Il dipartimento di montaggio della Warner Bros. ha dato al produttore-regista Don Siegel gli strumenti necessari per imprimere il suo caratteristico stile economico e d’azione che ha reso film come “Riot on Cell Block 11” (1954), “Invasion of the Body Snatcher” (1955), “The Killers” (1964), “Dirty Harry” (1971) e “Charley Varrick” (1973) dei punti di riferimento nel genere poliziesco e thriller.
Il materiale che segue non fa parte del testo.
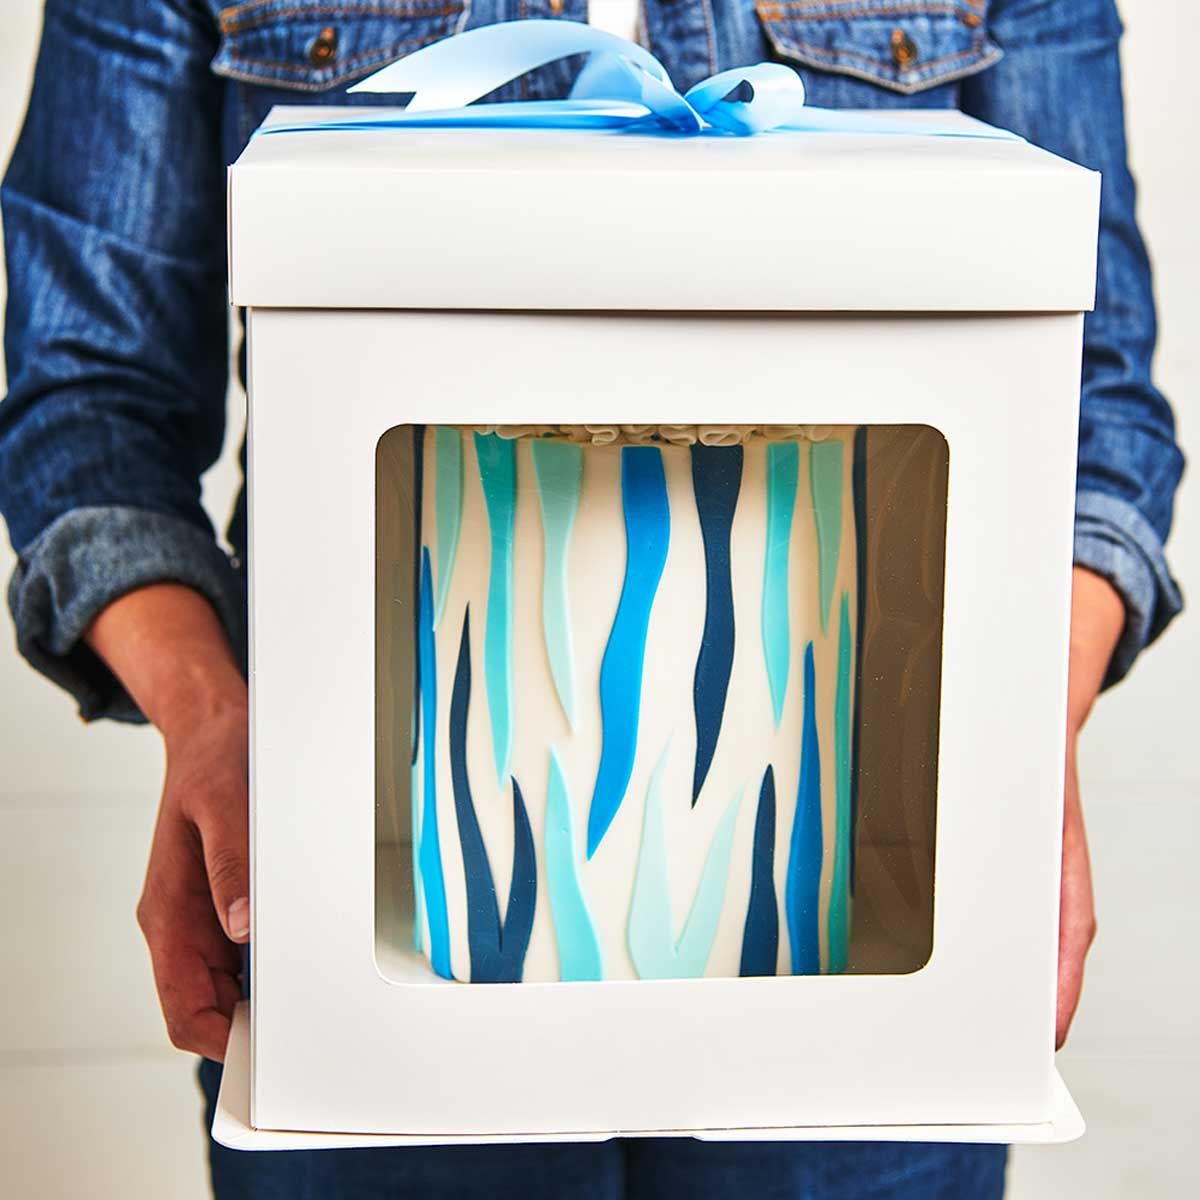 Tortenbox mit Fenster Stark & Hoch 30,5x30,5x34,5 cm

Anche se Siegel disconosceva qualsiasi stile degno di nota, i suoi film erano caratterizzati dal loro ritmo vivace, dalla violenza senza compromessi e dagli eroi che spesso seguivano lo stesso percorso morale dei loro cattivi. I film più forti di Siegel erano in collaborazione con la star di “Harry” Clint Eastwood, la cui prominenza è stata spinta dal suo lavoro con il regista in “Coogan’s Bluff” (1968) e “Escape from Alcatraz” (1979), tra gli altri. Non si può negare che la carriera quadriennale di Siegel ha generato alcuni dei più divertenti e maturi drammi polizieschi provenienti da Hollywood.

Nato a Chicago il 26 ottobre 1912, Don Siegel proveniva da una famiglia musicale che comprendeva un padre violinista. Da giovane, Siegel ha inizialmente studiato per diventare un attore di teatro. Dopo essersi laureato al Jesus College di Cambridge, in Inghilterra, iniziò a lavorare nella cineteca della Warner Bros. nel 1934. Siegel divenne rapidamente assistente al montaggio e poi assistente capo del reparto inserti prima di prendere il controllo del reparto montaggio dello studio. Lì, ha composto alcuni dei montaggi più impressionanti per i lungometraggi, compresa la sequenza di apertura di “Casablanca” (1942), “Now, Voyager” (1942) e “Action in the North Atlantic” (1943). La sua esperienza lì ha portato a lavorare come seconda unità e assistente alla regia in film come “Sergeant York” (1941) e “To Have and Have Not” (1943). Entrambe le esperienze si riveleranno preziose per la sua successiva carriera di regista; il lavoro di montaggio gli insegnò a pianificare le sue inquadrature con cura meticolosa, il che gli avrebbe a sua volta permesso un maggiore controllo sul prodotto finito, limitando la quantità di filmati disponibili per i produttori per ri-editare i suoi film. Il tempo limitato, il budget e l’accesso agli interpreti che si concedevano ai registi di seconda unità insegnarono a Siegel l’importanza di lavorare velocemente e con precisione, entrambe caratteristiche che avrebbero caratterizzato il suo successivo stile registico.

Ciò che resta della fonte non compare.